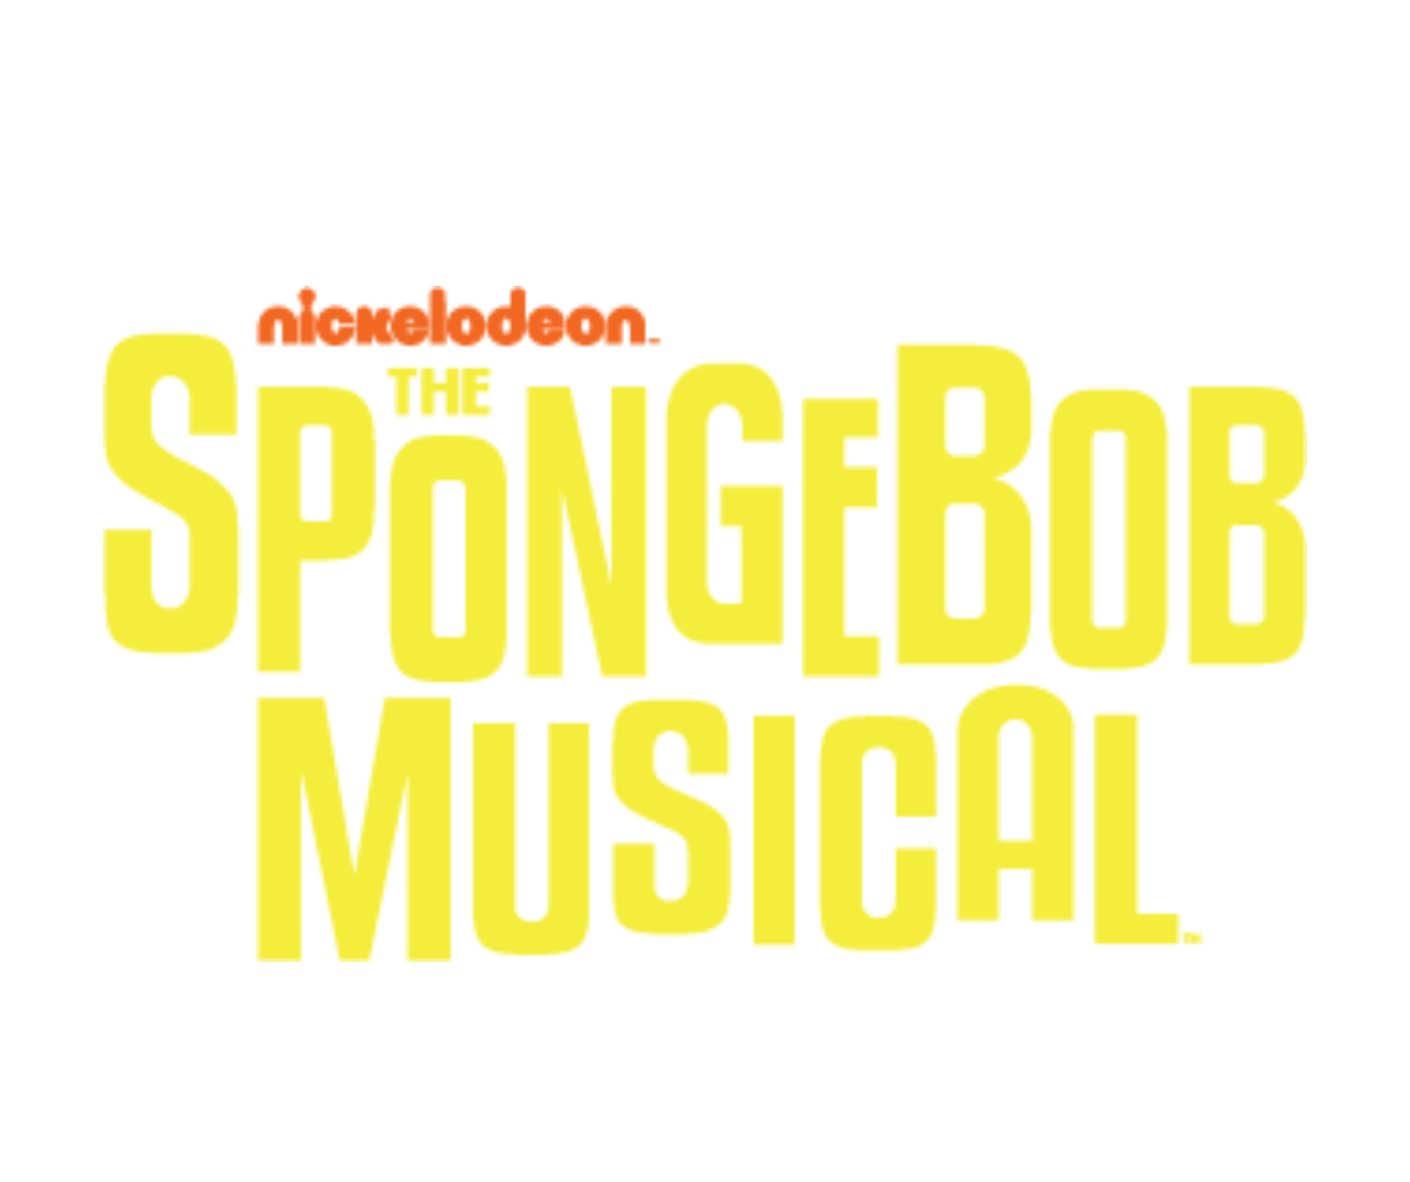 The Spongebob Musical
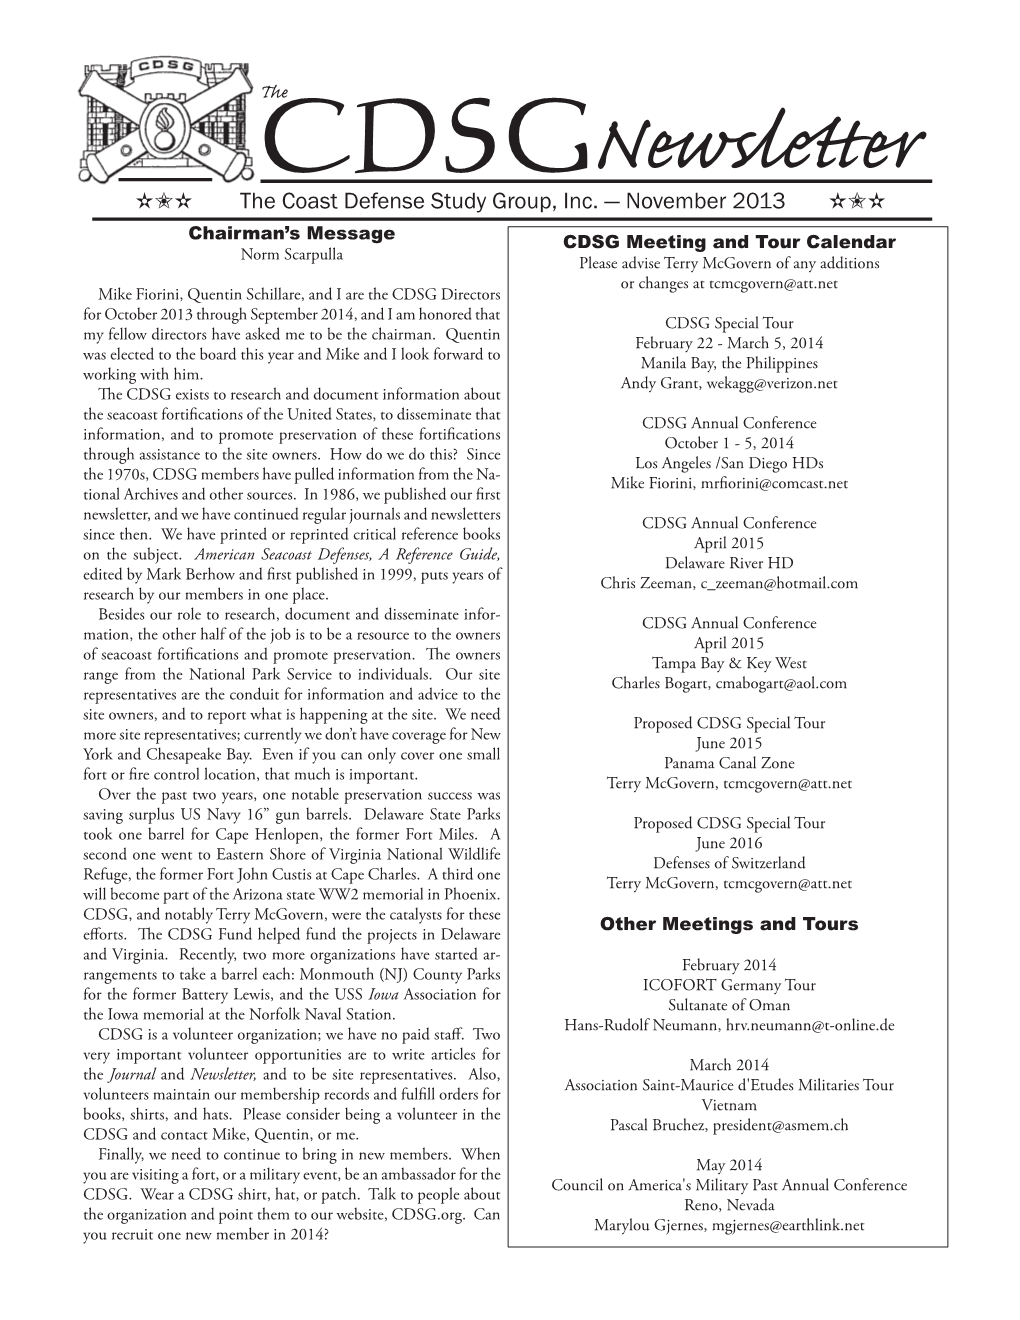 CDSG Newsletter, November 2013 Page 2 May 2014 February 2014 Czech Association for Military History Tour ECCOFORT Reg
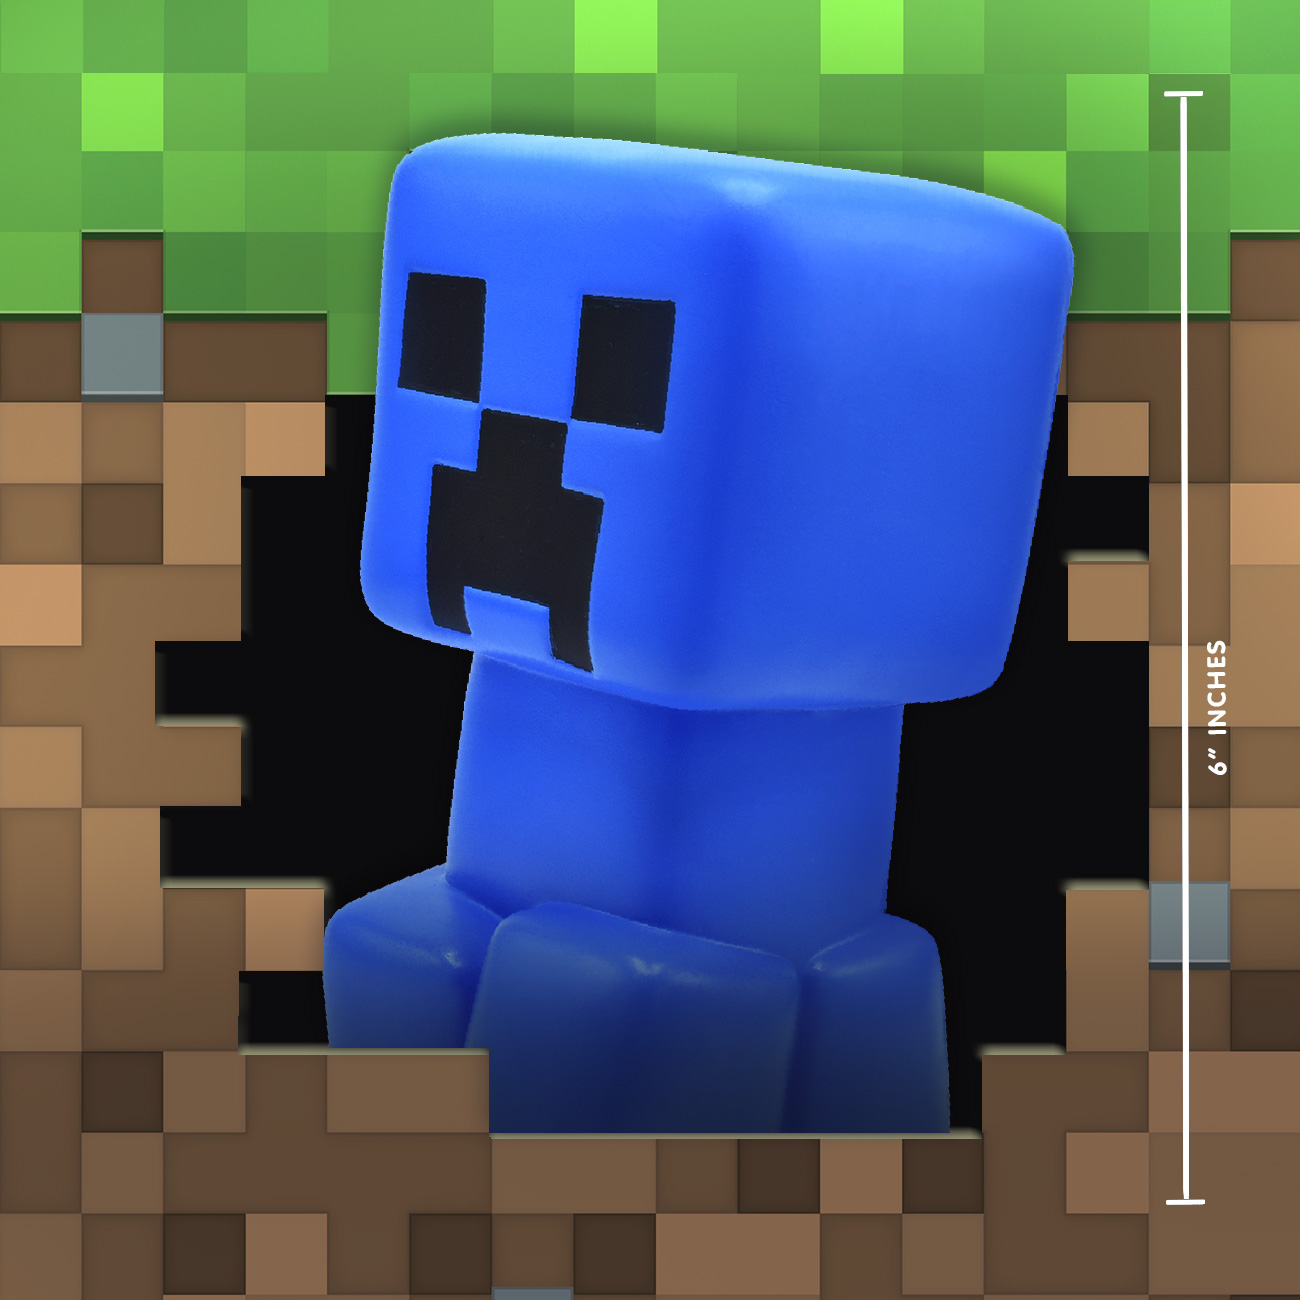 minecraft blue creeper
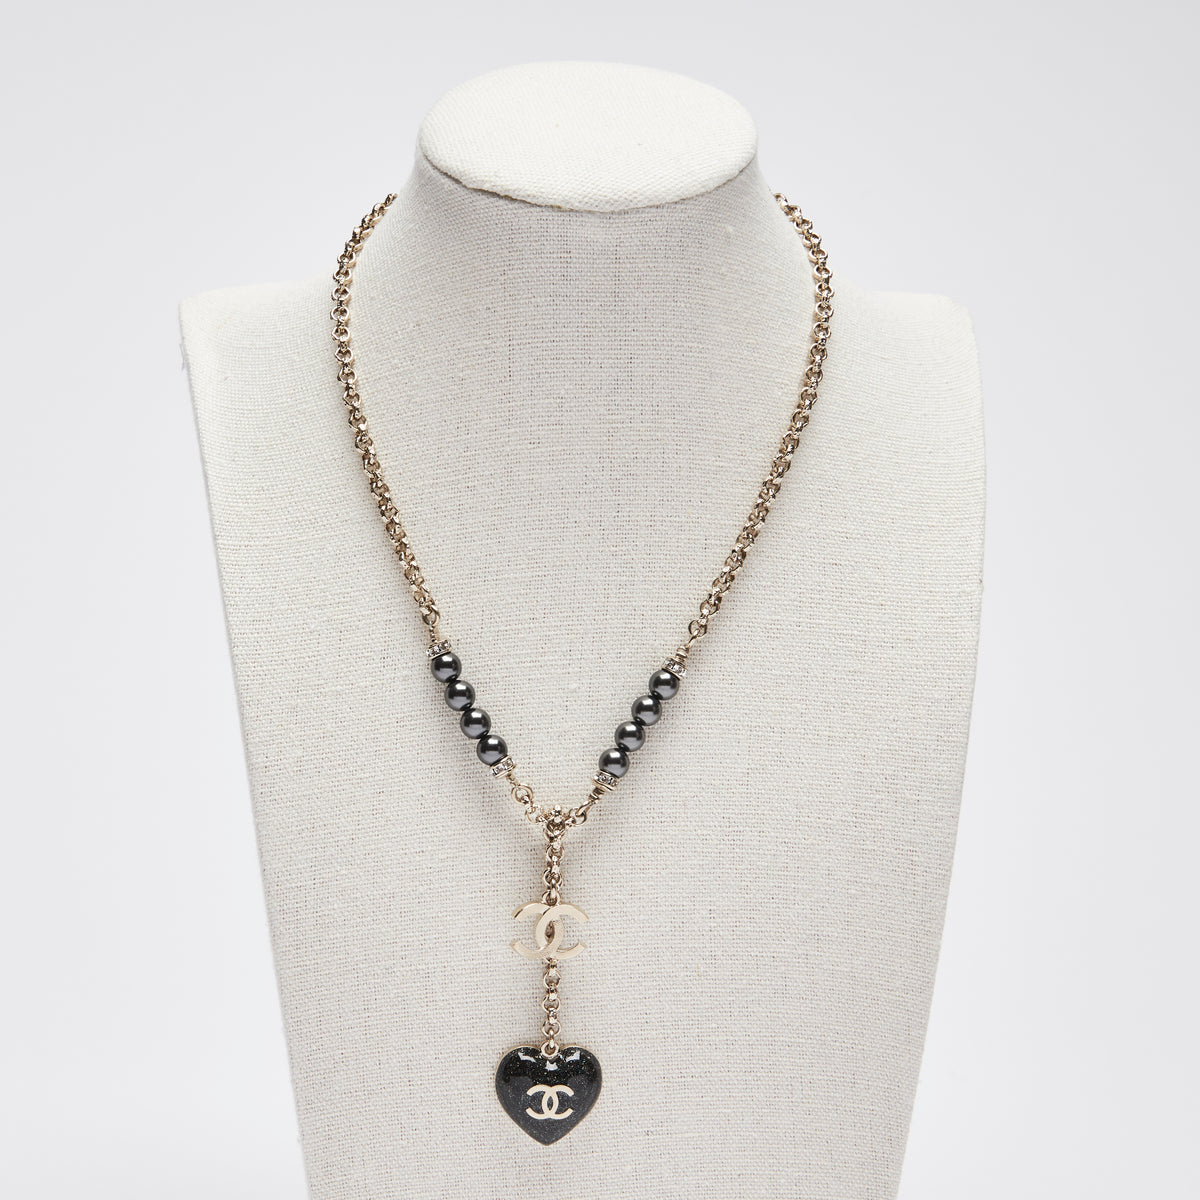 Chanel-style Black Heart Pendant Necklace – El blin-blín

WHAT THE TASK REQUIRES: Repeat the material verbatim but without any of its pictures.

FINISHED EXERCISE:
 The Spongebob Musical
 CDSG Newsletter, November 2013 Page 2 May 2014 February 2014 Czech Association for Military History Tour ECCOFORT Reg
 minecraft blue creeper
 Chanel-style Black Heart Pendant Necklace – El blin-blín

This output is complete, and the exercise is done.